Traditionally, in order to have a reasonable chance at victory, attacking military forces require a three to one numerical superiority ratio. The current ratio in the Baltics is more than four to one — and are mostly heavier tank and mechanized forces, with greater firepower and tactical mobility.

The rest of NATO could quickly surge eight more battalions — seven of which are American — to the defense of the Baltics, but most of those forces, although well trained, are lightly armed. NATO has further plans to deploy another four tank and mechanized battalions in the Baltics, bringing the ratio to a less risky but still dicey two to one. Four countries have promised troops.

Russia would have a lot of advantages in a war against NATO. The war would take place right on Moscow's doorstep, where it can marshal forces from across the country for an attack. Russia's supply lines would remain relatively short — 150 miles from the border at the most — which is good because logistics are not her strong suit. And Russia would have the element of surprise.

But there are also disadvantages, and they are big ones.

For decades, Russia lived off the inherited largesse of the former Soviet military. Most Soviet military units were based on Russian soil, and when the socialist regime went away in 1991, Soviet units became Russian ones, with the same personnel and the same equipment.

That's just as well, because Russia then fell into two decades of economic stagnation. Heavy, expensive equipment wasted away. Military units lived on starvation budgets, and even just three years ago Russian forces in the Far East were reportedly living in poor conditions and being fed rotten food — or even dog food.

In 2014, with the Russian economy finally back on track, Russia embarked on an ambitious plan to update its armed forces. The size of the armed forces was to be cut from 1.2 million to a more reasonable one million, a professional non-commissioned officer corps would be created, and pay and conditions would improve to attract higher quality recruits.

The Russian military would also receive modern equipment to replace aged-out Soviet hand-me-downs. Russia launched an ambitious program to go from 10 percent modern military equipment to 70 percent modern equipment by 2020, at a cost of $720 billion.

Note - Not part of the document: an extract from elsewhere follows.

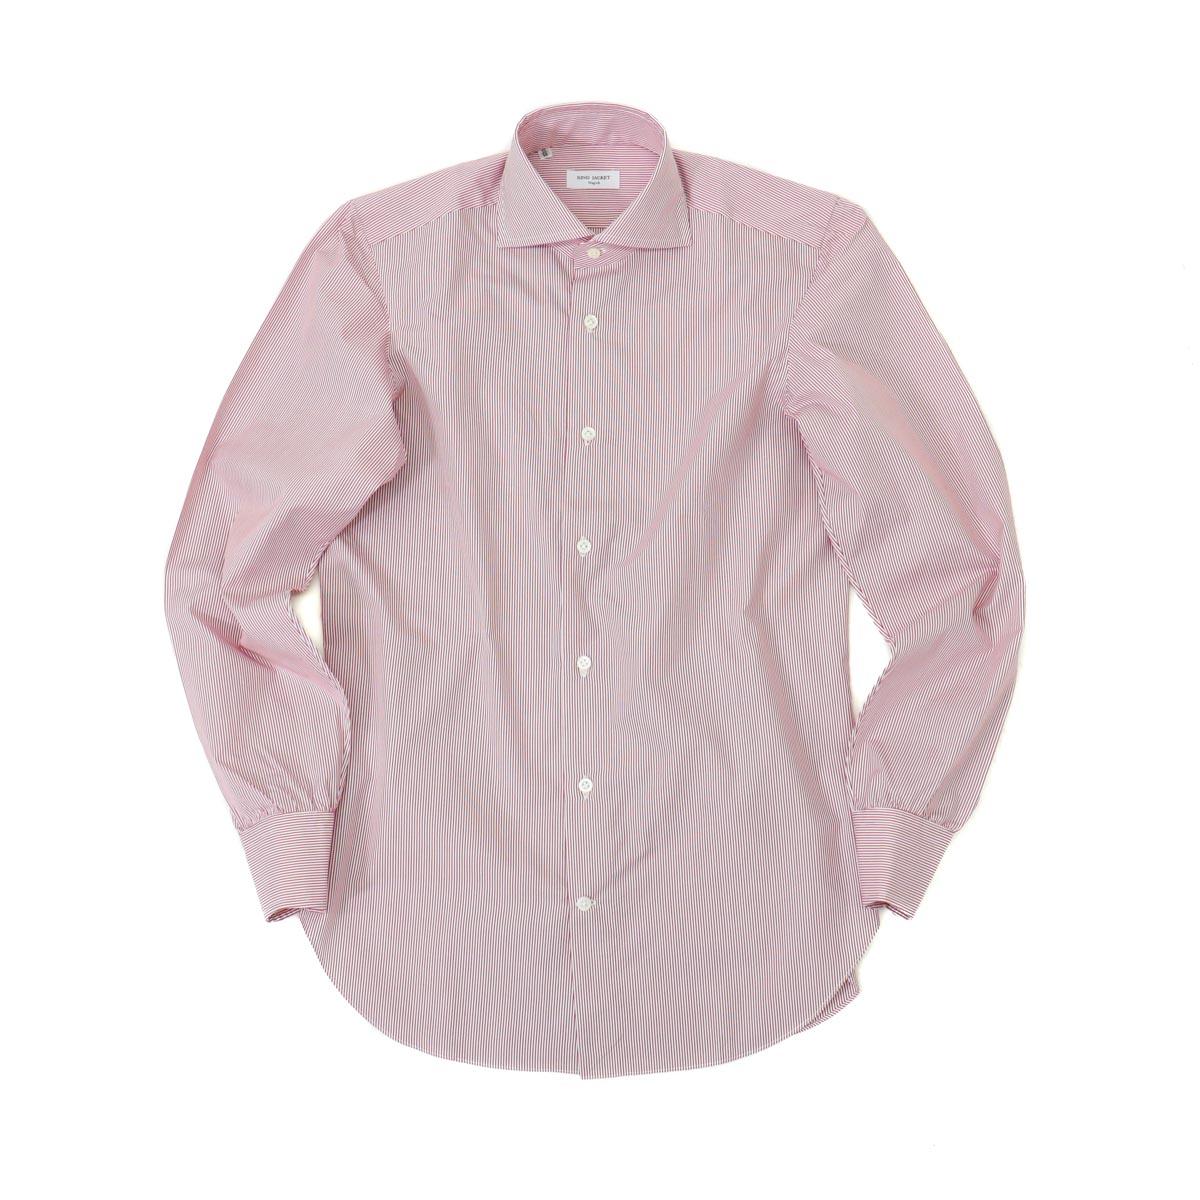 RING JACKET Napoli 12ポイントハンド ワイドカラーシャツ 【ストライプ / レッド】

That program was never realized. Just two years later, plummeting oil prices and sanctions imposed by the West after the annexation of the Crimea has once again sent the Russian economy — and defense budget — into a tailspin. New combat equipment such as the T-14 Armata tank and PAK-FA stealth fighter have had their purchase numbers cut to token amounts. The old equipment is going to have to soldier on.

Russian forces are also, generally speaking, not as well trained as NATO forces. Russian forces performed badly in Chechnya, relying on firepower to grind the enemy into dust. In its 2008 war with Georgia, Russian ground forces moved painfully slowly. While the mountainous terrain didn't help, Russian lack of training, preparation, and modern equipment was a major factor. Most NATO countries could have done a better job.

More recently, Russia's war in the Crimea was lauded as a new type of "hybrid warfare" involving protesters, paramilitary forces, and the Russian military itself, but the truth was Moscow couldn't afford to invade the Ukraine the conventional way, so they had to improvise. There's another term for hybrid warfare — war on the cheap.

The real danger in any NATO-Russia war isn't that NATO would lose: With immense reserves of air, land and sea power safely outside the combat theater, NATO would eventually win. NATO might even start winning even sooner than anyone would expect, if the Russians bungle what would necessarily be a difficult and complex campaign. The danger is that Russia, losing badly to a NATO counterattack right on its borders, could run out conventional forces and use tactical nuclear weapons. And that could very well escalate to full-scale nuclear war.

NATO needs to prevent a conflict with Russia, but it needs to do so out of strength, not weakness. If Russia understands that NATO is united in the defense of the Baltics, it will understand there will be nothing to gain in attacking. And then NATO wins.